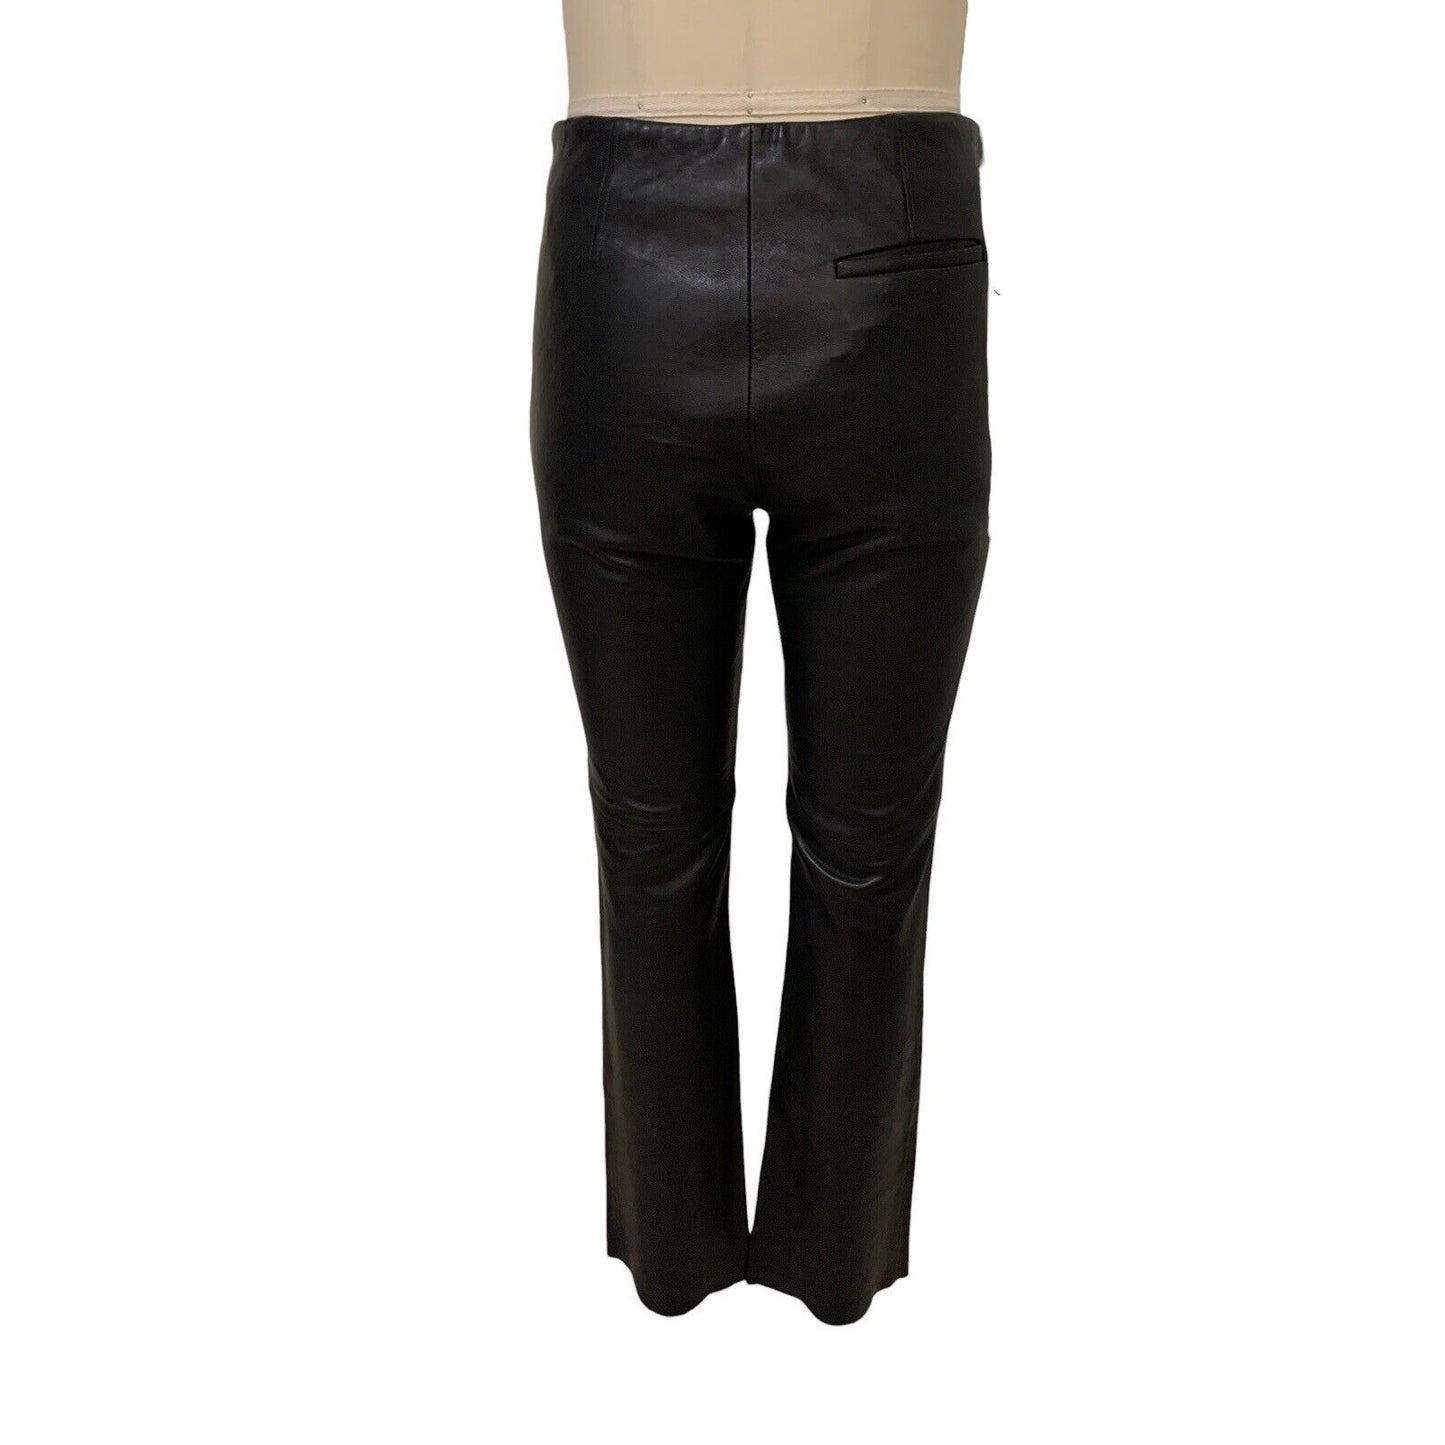 Back View Of Women's Lambskin Leather Pant
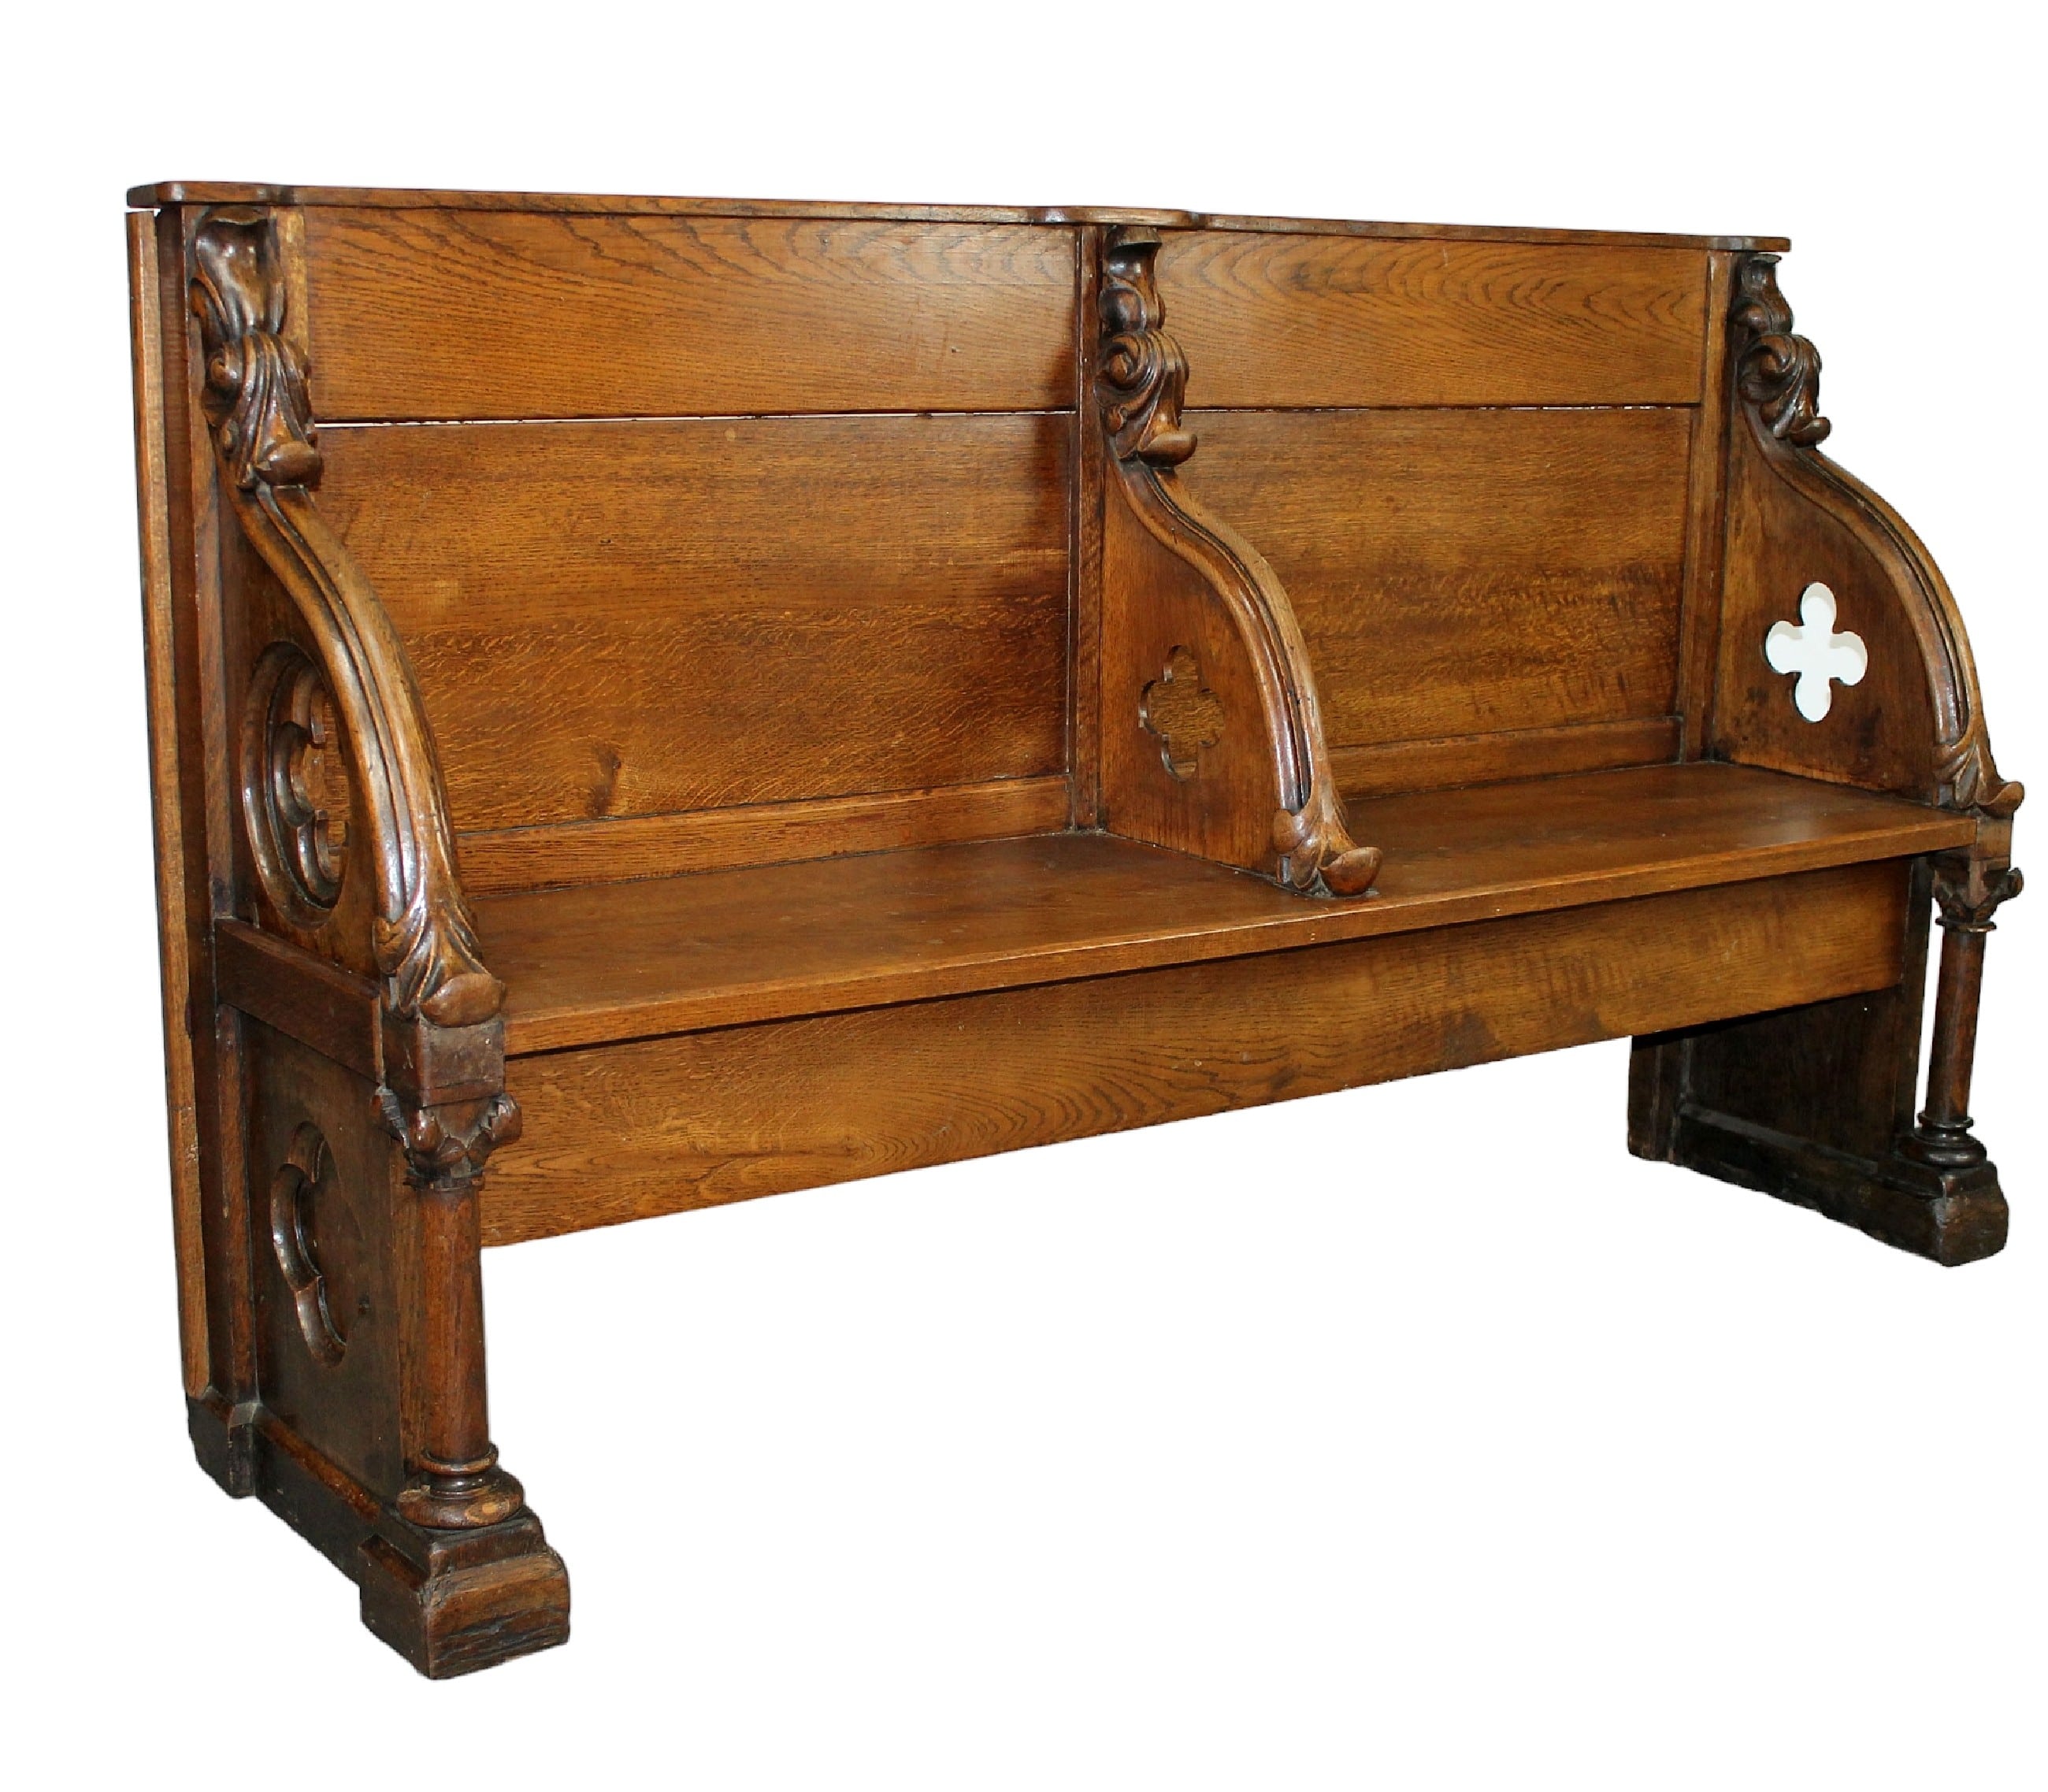 French Gothic Revival oak church pew bench
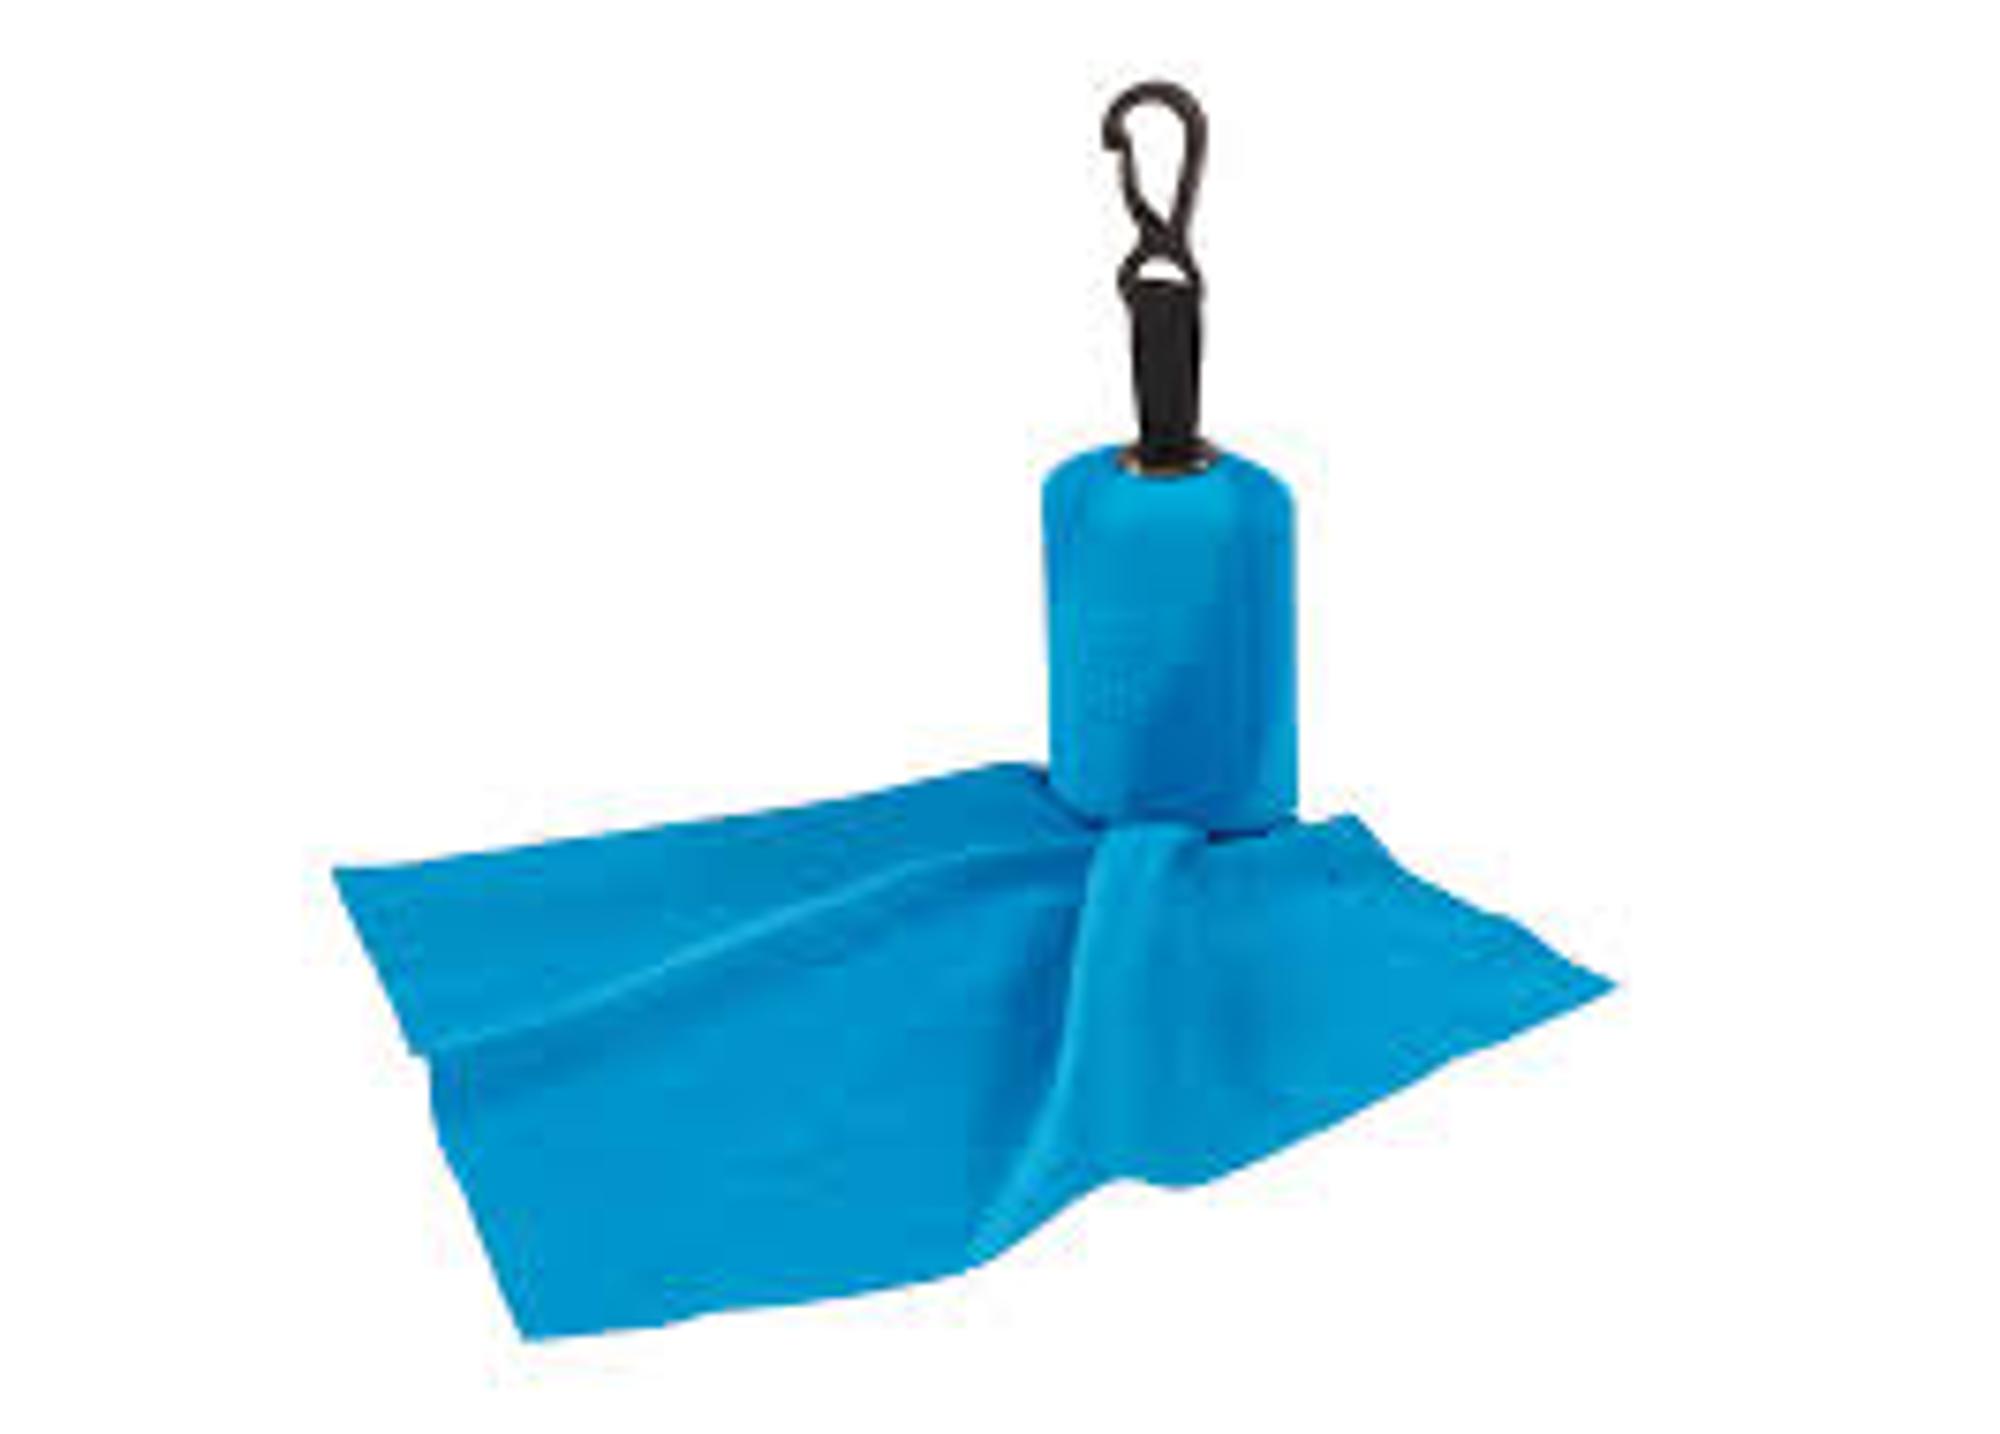 Hermit Microfiber Cleaning Cloth

What you are asked to do: Give back the listing exactly, with the pictures removed.

Response to the exercise:
 Back View Of Women's Lambskin Leather Pant
 French Gothic Revival oak church pew bench
 Hermit Microfiber Cleaning Cloth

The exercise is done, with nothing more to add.